After months of great anticipation and even greater expectations, David Fincher's Mank is here. For some, the picture's a rousing success, a politicized look at Old Hollywood's insidiousness through the eyes of Citizen Kane screenwriter Herman Mankiewicz. For others, it's a disappointment, history and fantasy mushed together with pretension and aggrandizement. I find myself in the middle of these reactions, though my immediate feelings were probably more inclined to the latter than the former.
Still, a good way to consider a film's power is to see how it lasts in one's memory. For me, Mank has aged oddly in the last week. It's not that my perspective is warmer but that I can't shake it off. As the days go by I find myself ruminating on David Fincher's formal conception of this manky flick, its weirdness and intrinsic contradictions…

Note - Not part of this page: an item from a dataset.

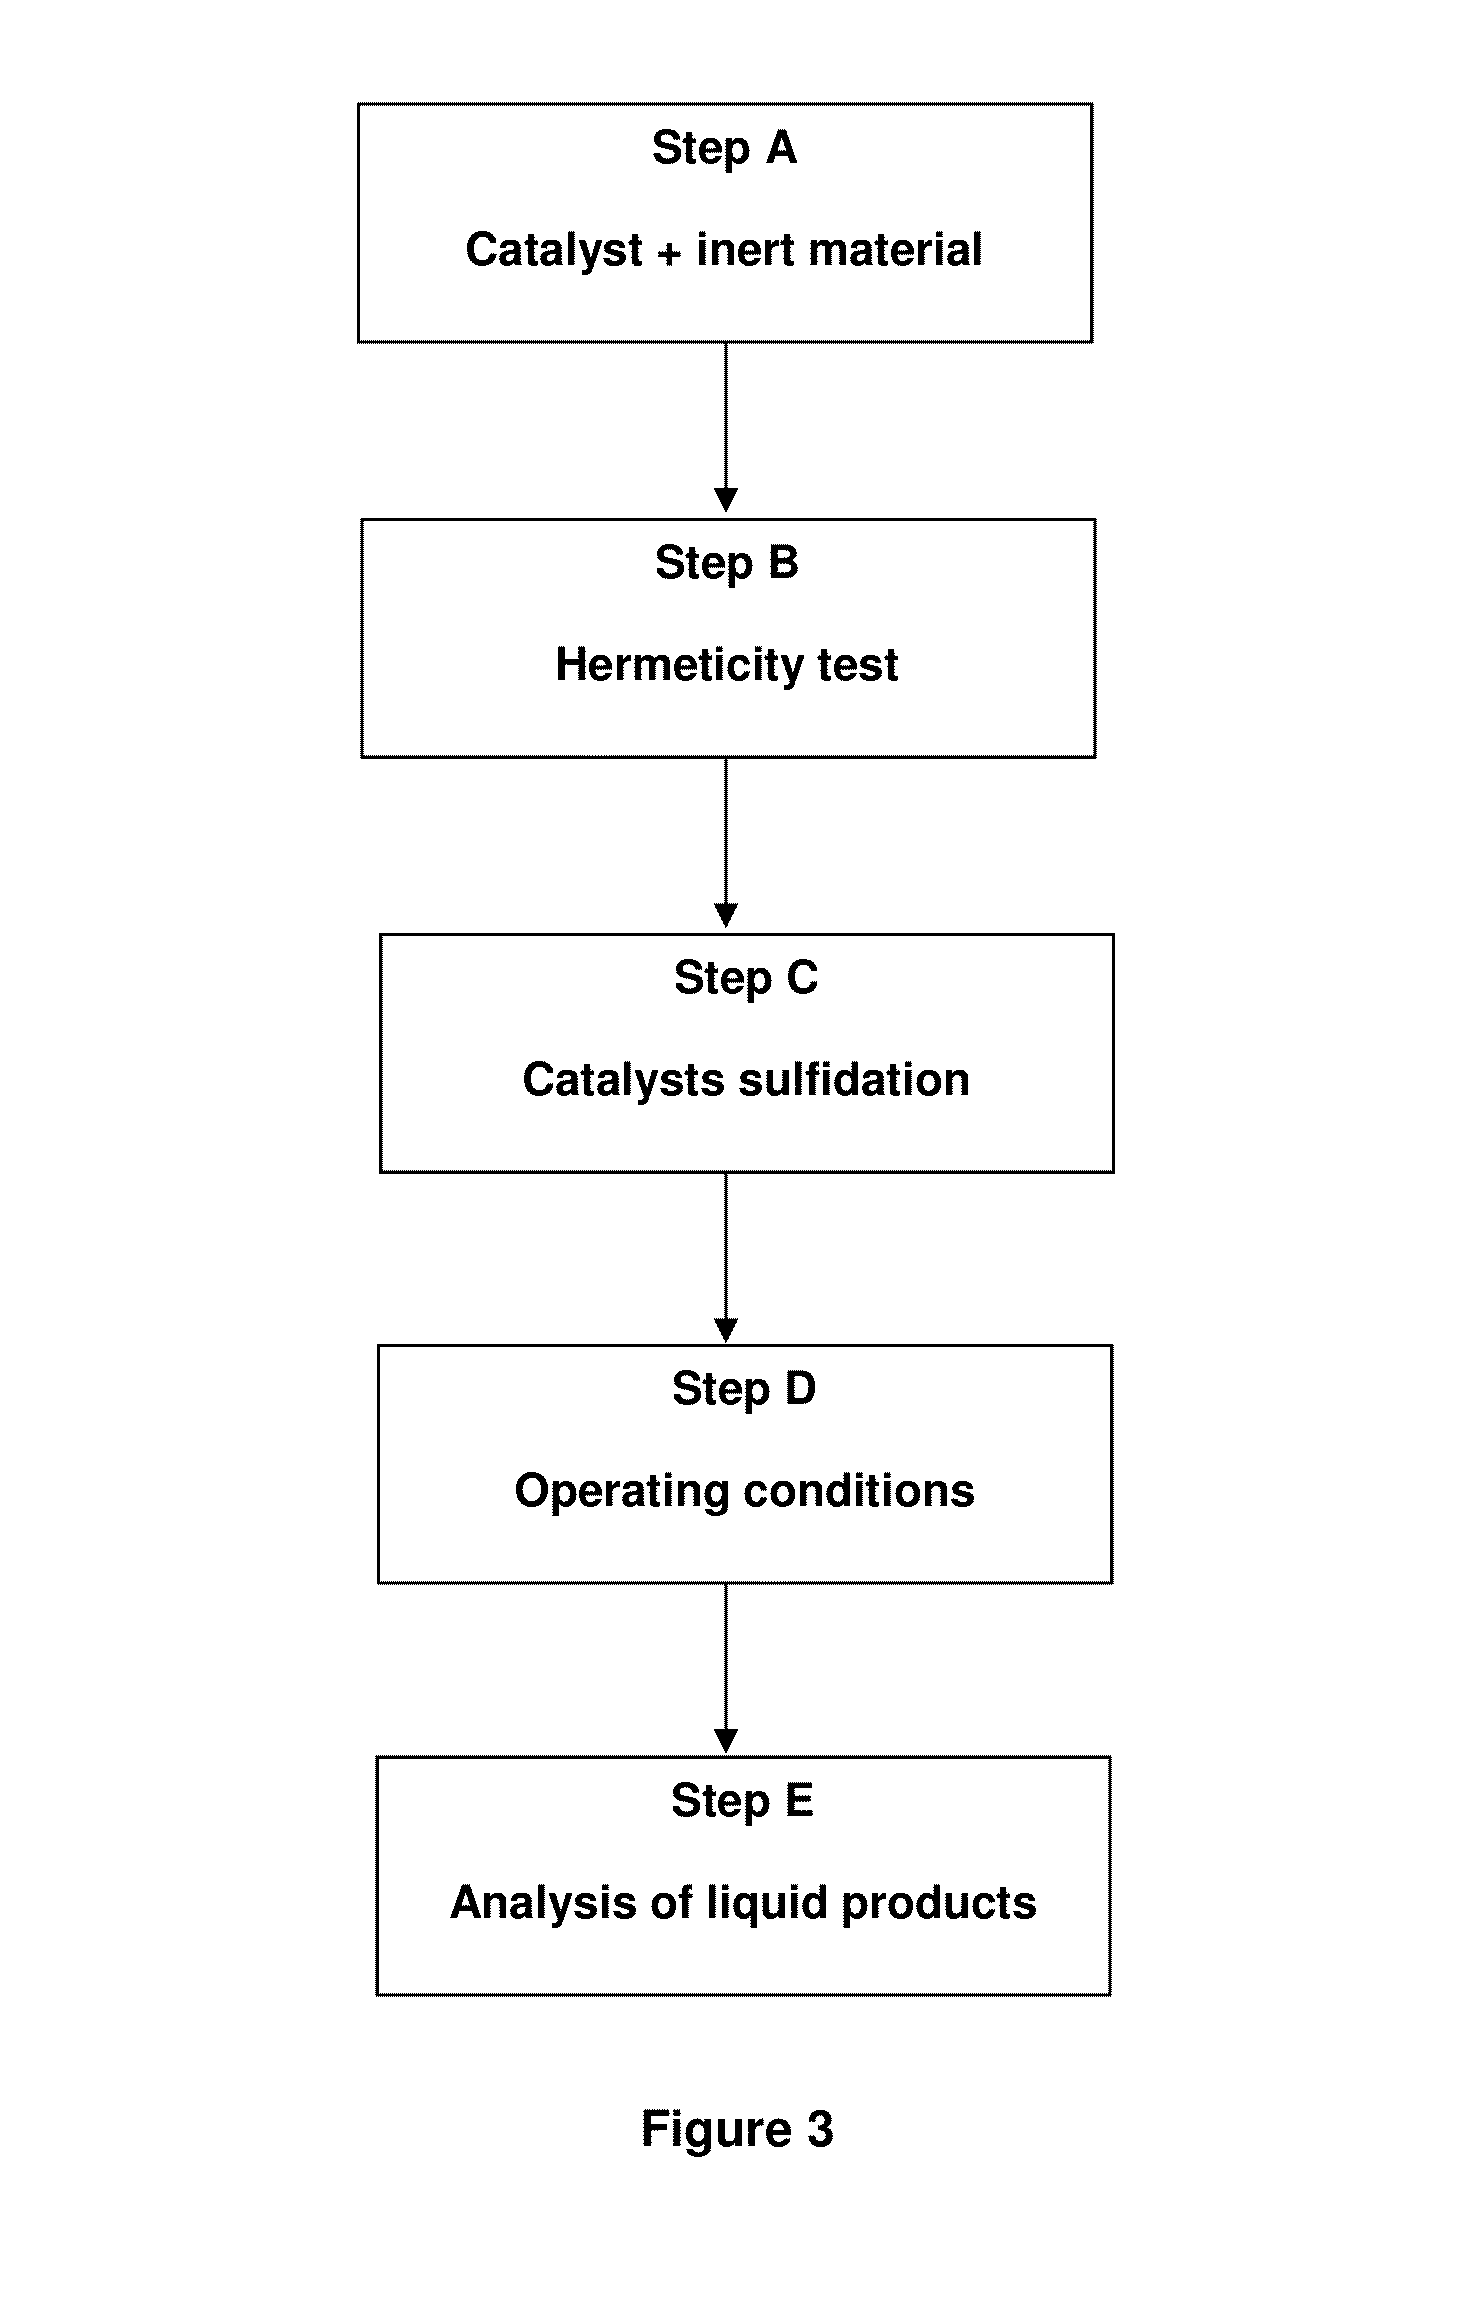 Mesoporous composite of molecular sieves for hydrocracking of heavy crude oils and residues

Glancing rapidly at Mank, or even just its trailer, one gets the impression Fincher is trying his hand at an old game of cinematic pastiche. To portray Old Hollywood, the auteur has chosen to mimic the look and feel of classic cinema from the era. At least, that's what one presumes when gazing at the silvery monochrome of the photography, the lavish sets and costumes, the faded sound mix, and digitally added scratches of the filmstock. However, when we care to pay attention, to transcend the glance, and investigate the construction of Mank, its technical specificities go from obvious to puzzling.
You see, Mank isn't 1930s or 1940s pastiche, not really. The first hint we get of this is the aspect ratio, vertiginously wide Cinemascope-adjacent 2.20: 1. It's too big, far too big, to reproduce the type of compositions and visual idioms of cinema when Citizen Kane premiered. The mise-en-scène, instead of hiding that fact, keeps calling attention to it. There are huge swaths of empty space on any given shot, nagging imbalances that hint at a primordial wrongness. Erik Messerchmidt's black-and-white lensing isn't very retro, either.
The studio lighting of yore, its perfect chiaroscuro and glowing surfaces, has been replaced by digital sharpness, a metallic tinge that makes even the hot desert sun look cold. There's also a lot of muddy grays, carefully differentiated by the varying tone in a way that's characteristic of digital cinematography, especially during night shoots and dusk-set-scenes. In plain terms, it's shockingly modern filmmaking covered in the pretext of pastiche, a pastiche so flimsy its transparency feels more purposeful than accidental.
These forces pushing and pulling between history and historical romance, between fact and fantasy, old and new, tear through every aspect of the film. The script twists real-life events with as shameless a fervor as any of Old Hollywood's pre-war prestige biopics. Mank is more like Sergeant York or even The Story of Vernon and Irene Castle than Citizen Kane. From the script, those tensions refract through the score by Trent Reznor and Atticus Ross, a melodious animal whose classic sounds are consistently interrupted by bursts of modernism. It's the screenplay's waltzing polarity given tuneful form.
The mix, crisp when showing off the music but pointedly hollow when presenting dialogue, also contributes to this tense alienation born from film mechanisms in an internal fight with themselves. The costumes, designed by Trish Summerville, similarly twirl between history and dream, costuming extras in period-accurate attire and then presenting Orson Welles as a ghost from the 1970s, an apparition straight off F for Fake. In one scene, Marion Davies may look like a hostess in ravishing, but not costume-y, evening wear. Then, a couple of minutes after, she's donned in a facsimile of her Blondie of the Follies glamour.
The less generous might conclude that Mank is a messy, inconsistent, minor effort from Fincher. But I found Mank's tense oddities fascinating, even if they were accidental. Before you say this has more to do with Fincher's reputation than Mank's real merits, consider that I'd say that the movie's closest 2020 sibling is Claire Oakley's Make Up. In that film, the first-time director makes use of similar antagonistic impulses in the formal construction, colliding horror movie idioms with a story of romantic coming-of-age. As with Mank, the result of the experiment is unstable and often infuriating, but hard to shake.